Lopinavir is an antiretroviral HIV-1 protease inhibitor used in combination with ritonavir to treat human immunodeficiency virus (HIV) infection. Lopinavir is marketed and administered exclusively in combination with ritonavir. This combination is necessary due to lopinavir's poor oral bioavailability and extensive biotransformation. The HIV virus binds and penetrates the host cell. Viral RNA is transcribed into viral DNA via reverse transcriptase. Viral DNA enters the host nucleus and is integrated into the host DNA via integrase. The DNA is then transcribed, creating viral mRNA. Viral mRNA is translater into the gag-pol polyprotein. HIV protease is synthesized as part of the Gag-pol polyprotein, where Gag encodes for the capsid and matrix protein to form the outer protein shell, and Pol encodes for the reverse transcriptase and integrase protein to synthesize and incorporate its genome into host cells. HIV-1 protease cleaves the Gag-pol polyprotein into 66 molecular species, including HIV-1 protease, integrase, and reverse transcriptase. Lopinavir inhibits HIV-1 protease.
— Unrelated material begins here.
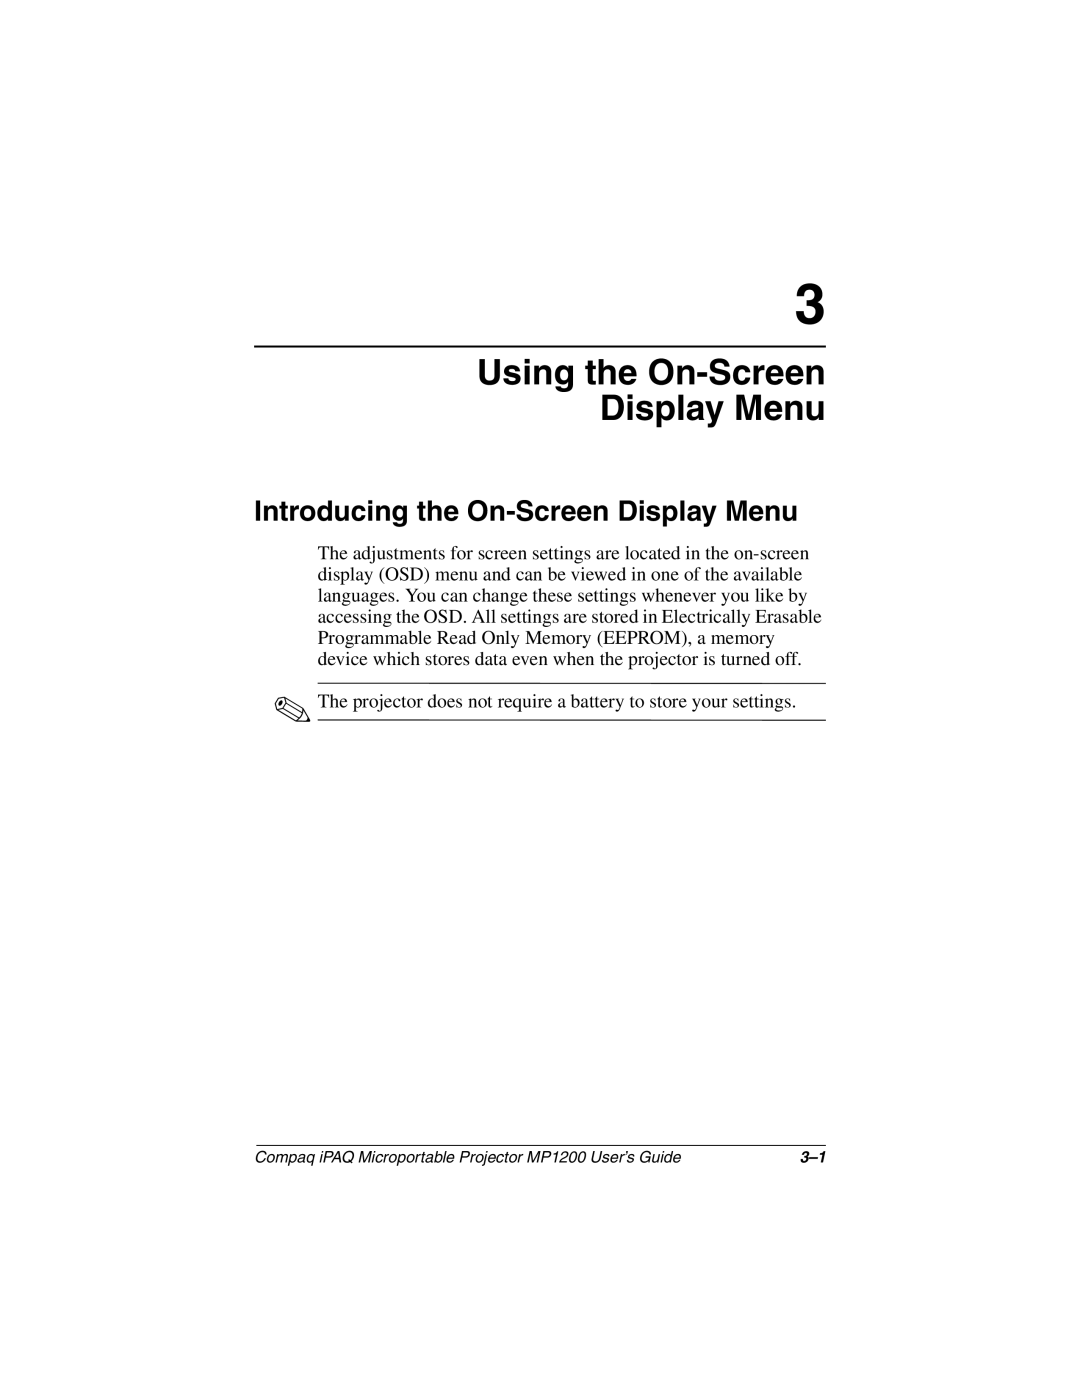 Compaq MP1200 manual Using the On-Screen Display Menu, Introducing the On-Screen Display Menu 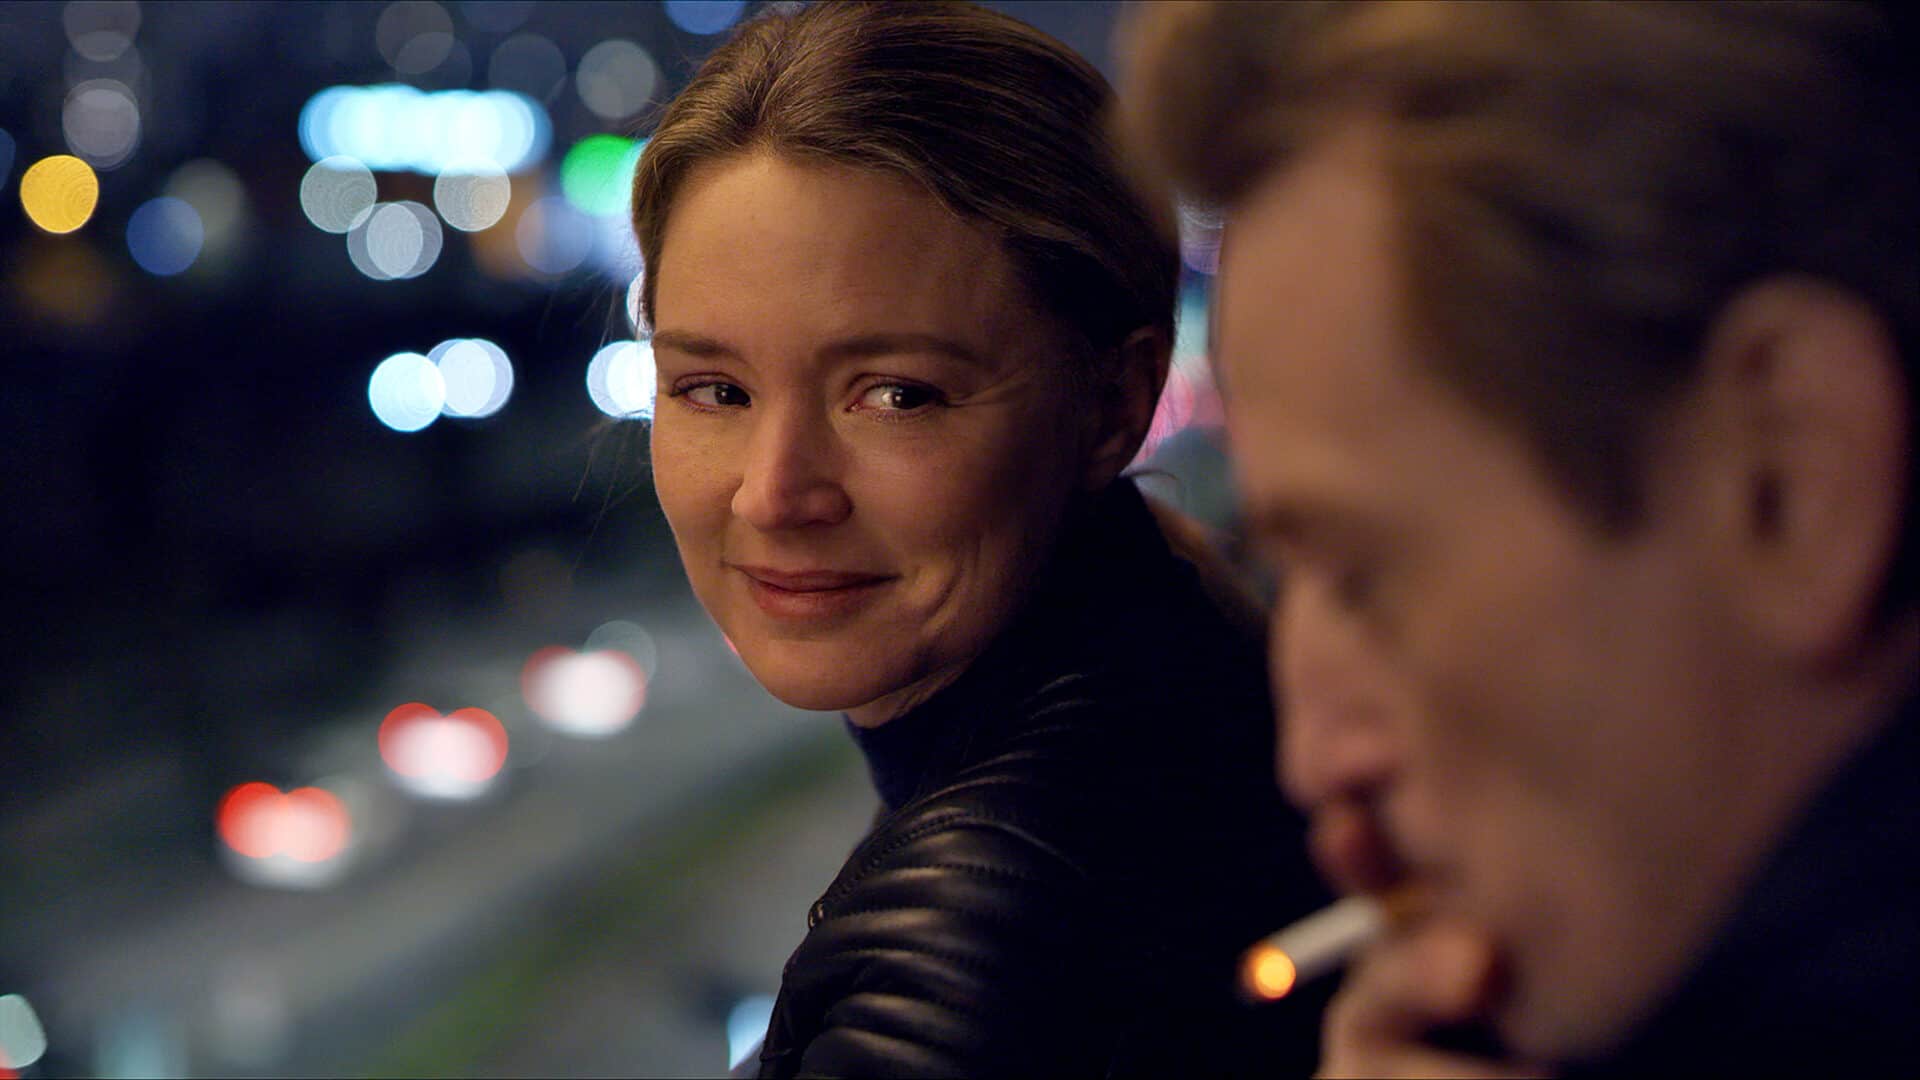 Mia (Virginie Efira) smiles at a companion on a city street at night in Revoir Paris. Press film still courtesy of Music Box Films

This inhibition prevents the HIV virion from fully maturing and becoming infective. Using the lipid bilayer of the host cell, a virus is formed and released. The inhibition of HIV-1 protease prevents the necessary molecular species from forming, therefore preventing maturation and activation of viral particles. This forms immature, non-infectious viral particles, therefore, Lopinavir prevents the virus from reproducing.